YOUR INSTRUCTIONS:
Your copy of the data should match it exactly, except that the pictures are gone.
*** Opening DATA BLOCK ***
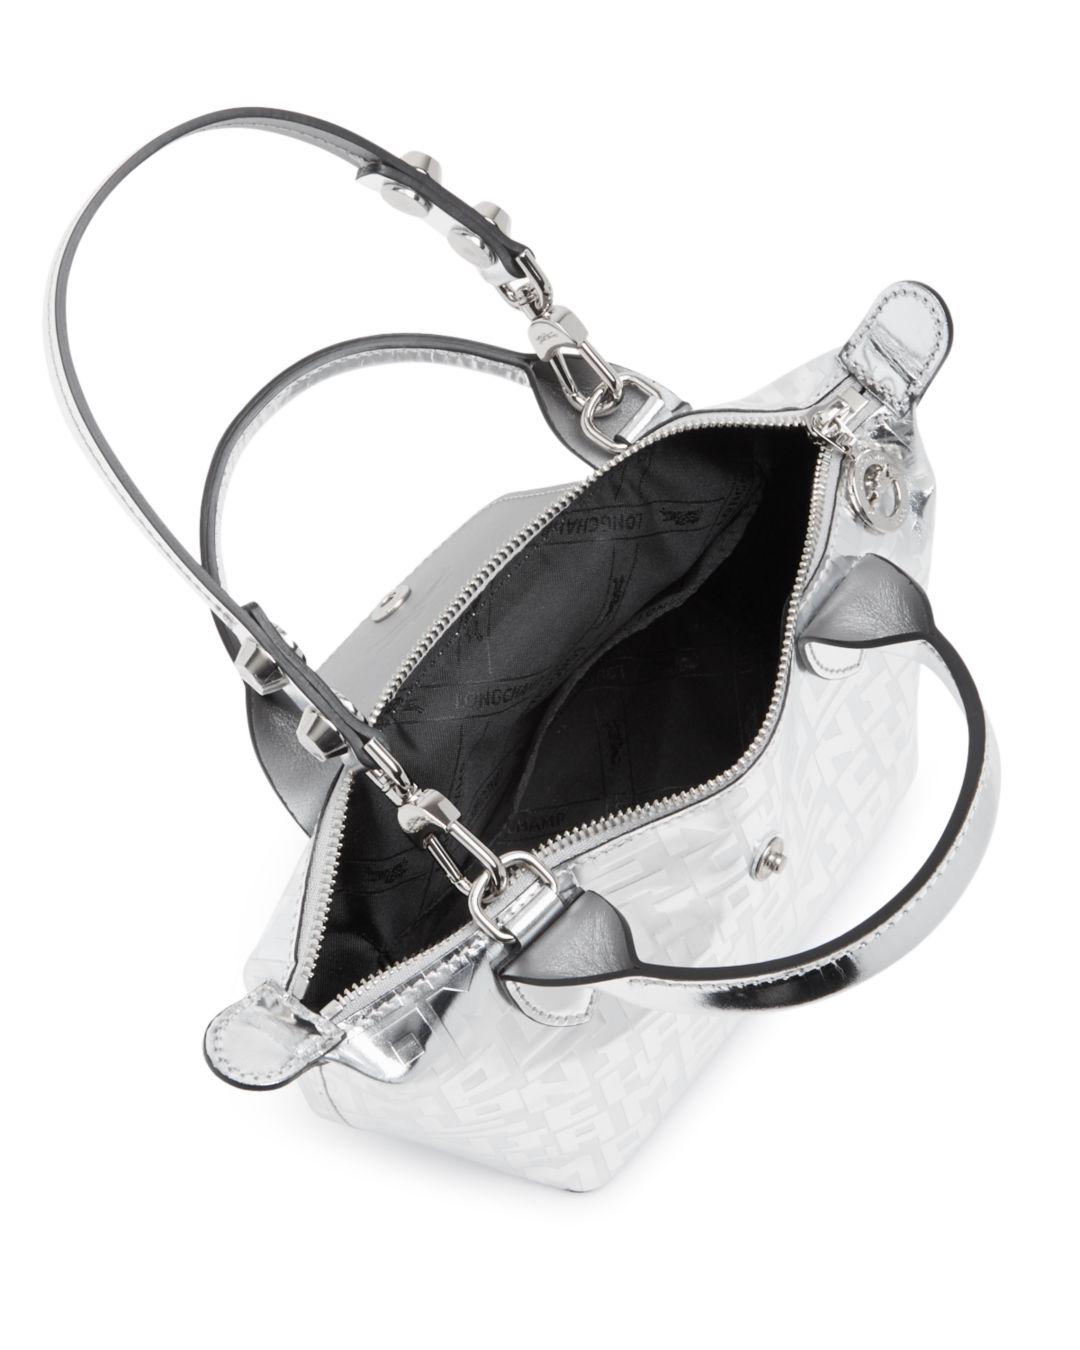 Longchamp Le Pliage Cuir Mini Leather Handbag in Silver (Metallic) - Lyst
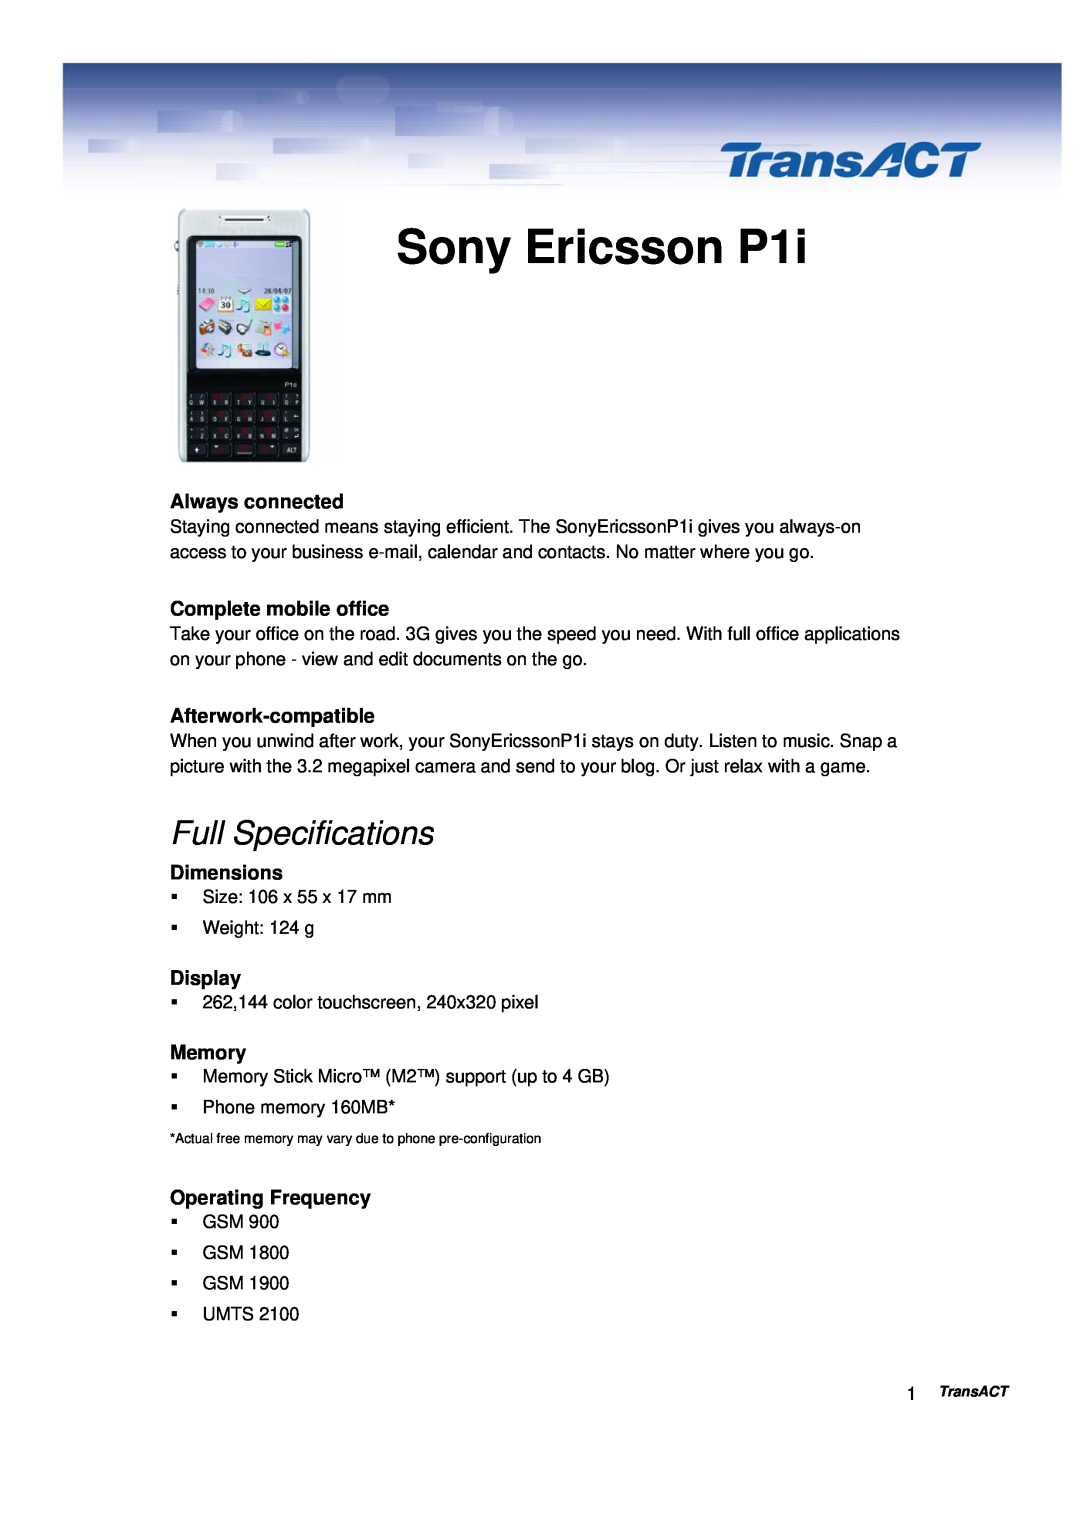 Sony Ericsson specifications Sony Ericsson P1i, Full Specifications 
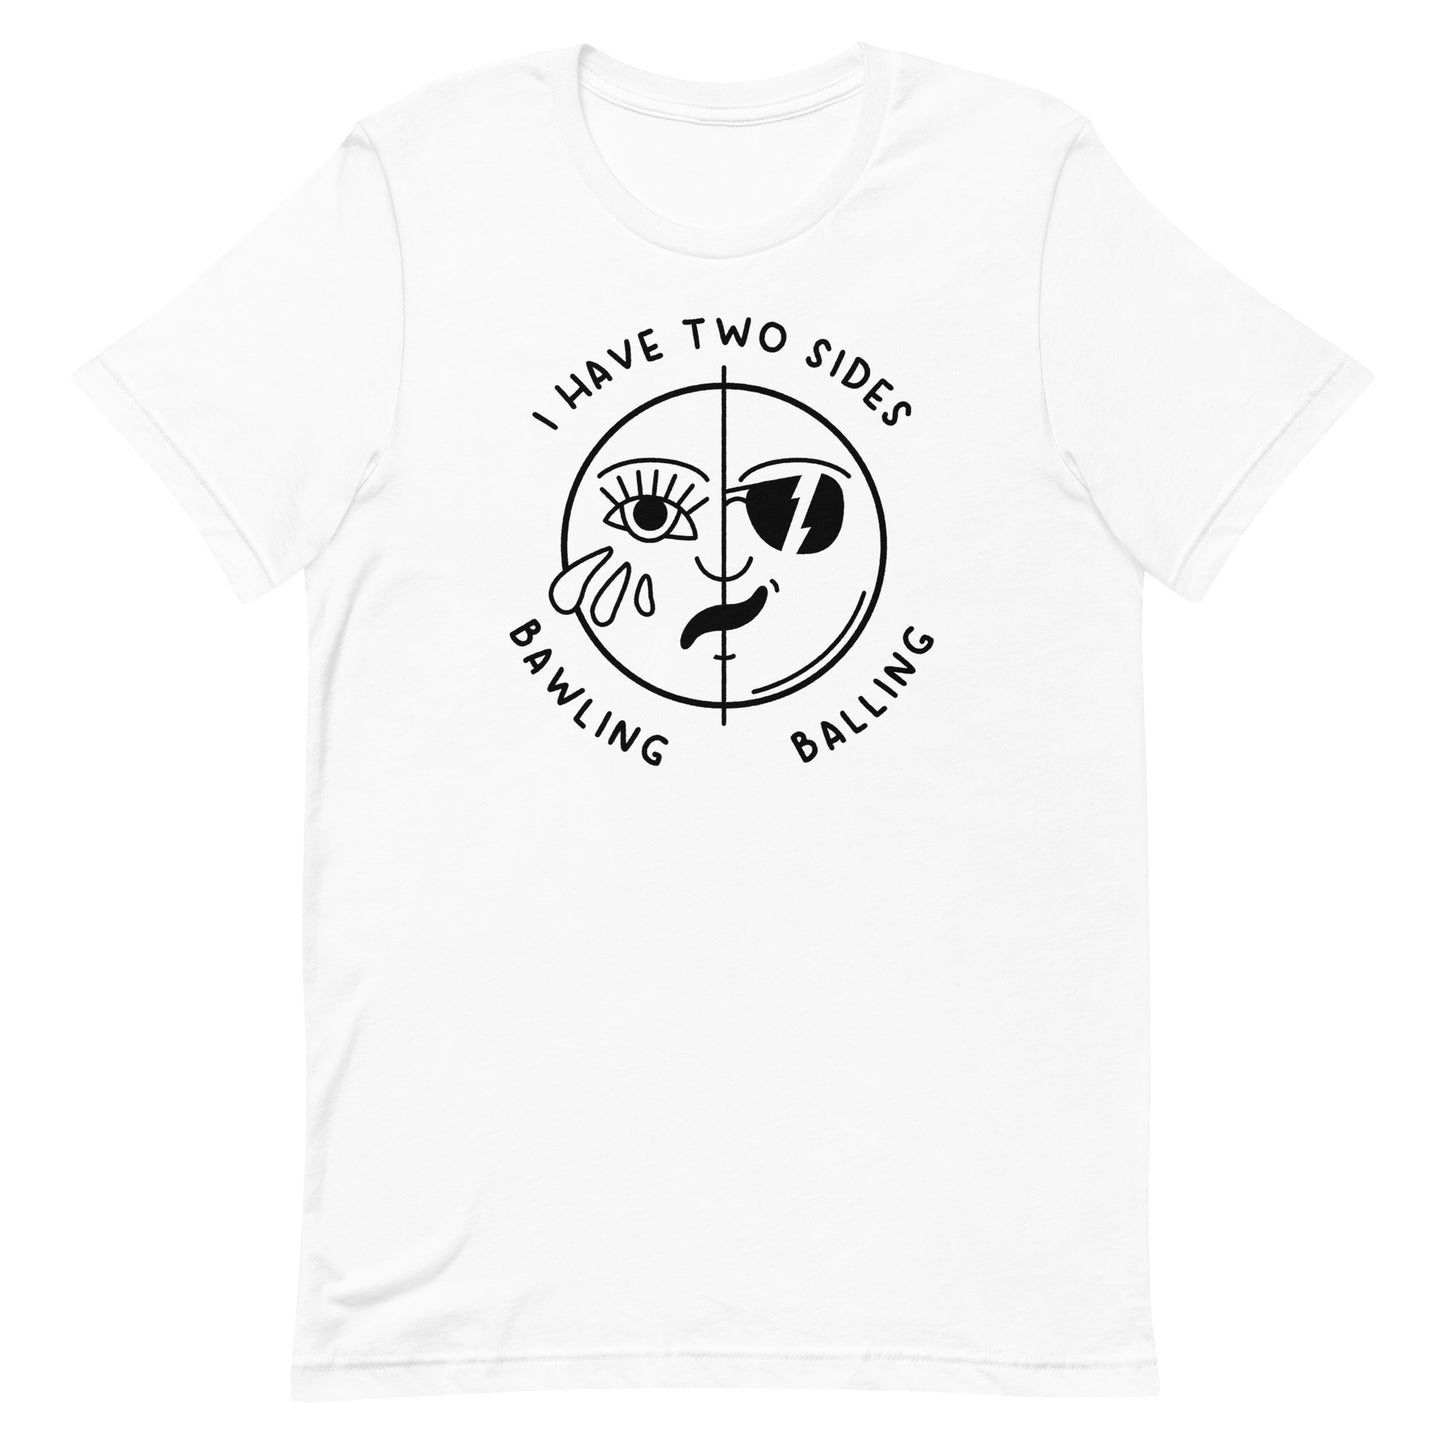 Bawling/Balling Unisex t-shirt
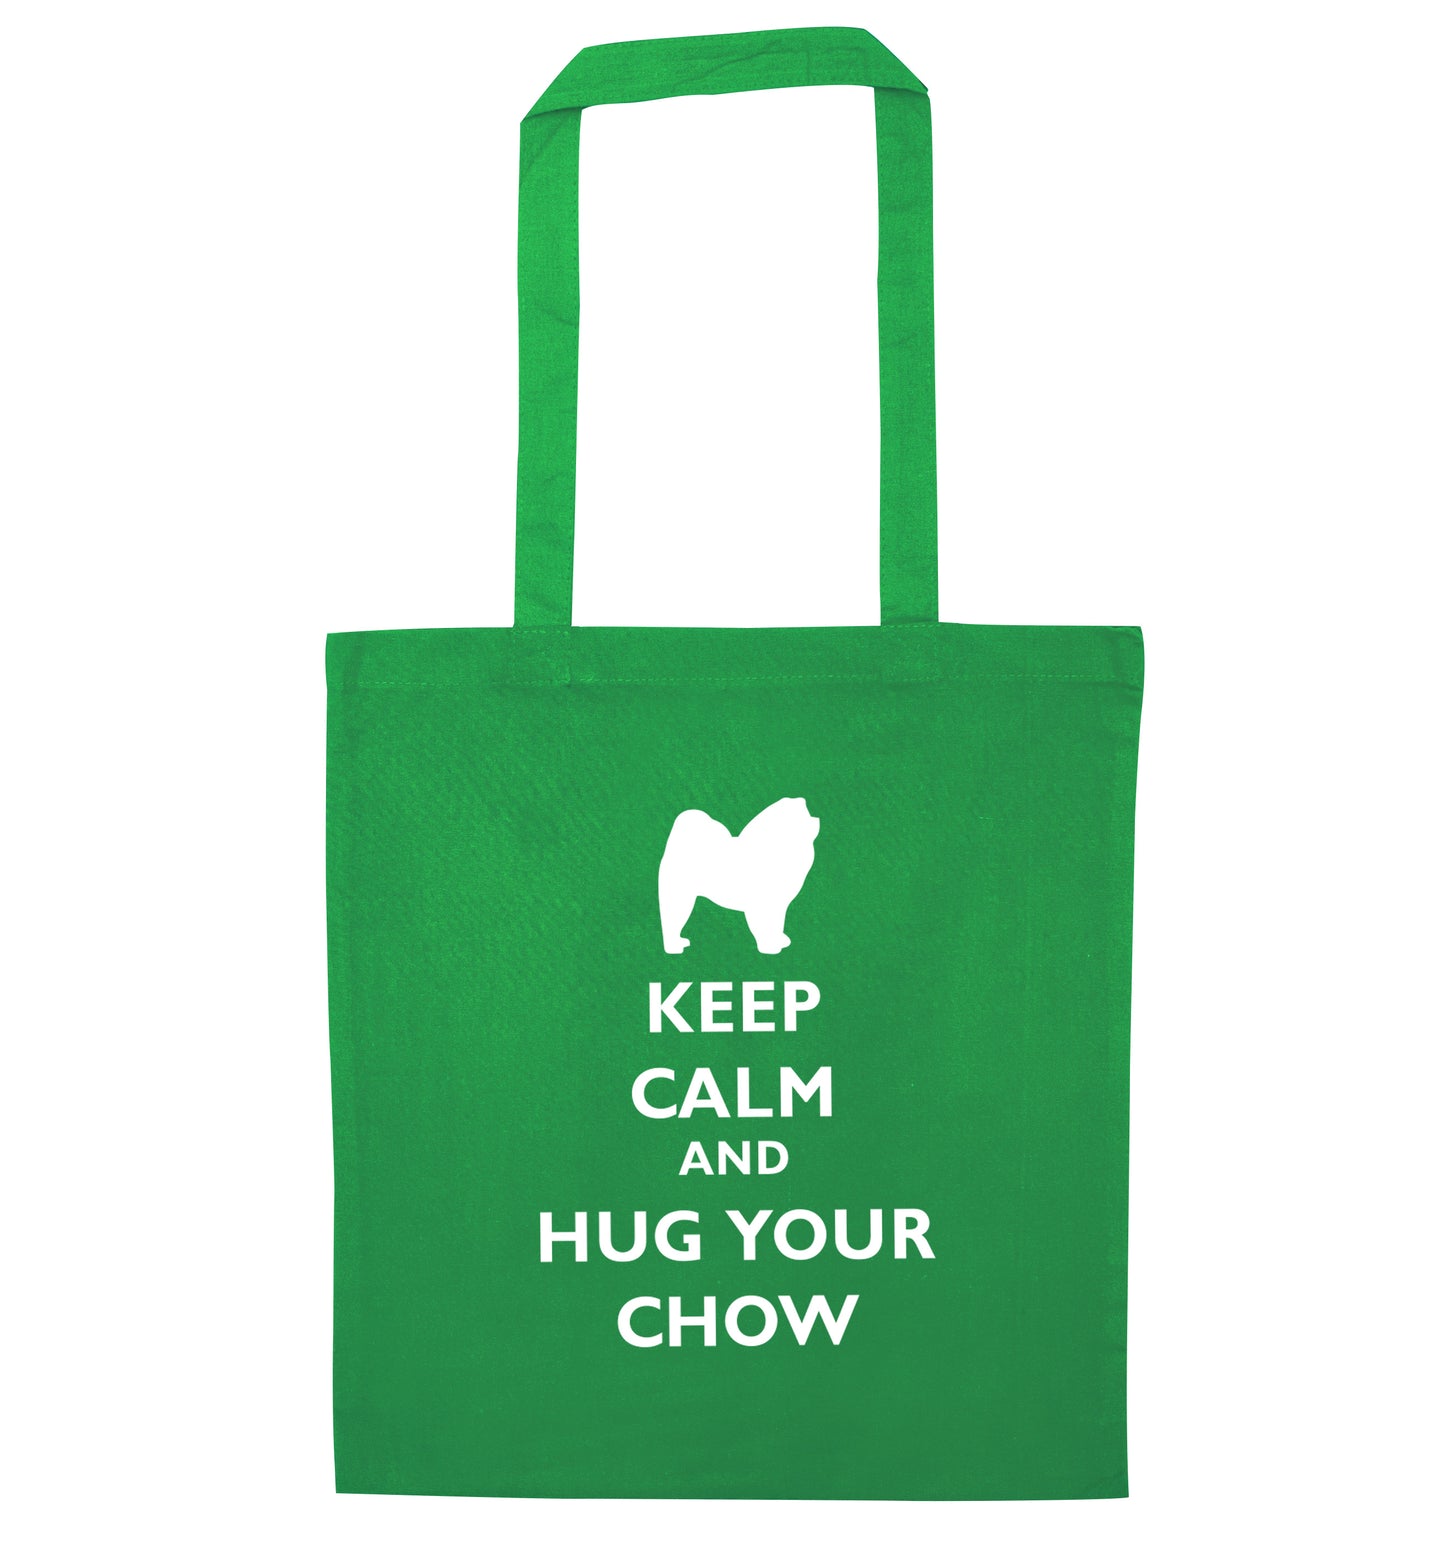 Keep calm and hug your chow green tote bag
*** Closing DATA BLOCK ***
TASK SOLUTION:
 Longchamp Le Pliage Cuir Mini Leather Handbag in Silver (Metallic) - Lyst
 Sony Ericsson specifications Sony Ericsson P1i, Full Specifications 
 Bawling/Balling Unisex t-shirt
 Keep calm and hug your chow green tote bag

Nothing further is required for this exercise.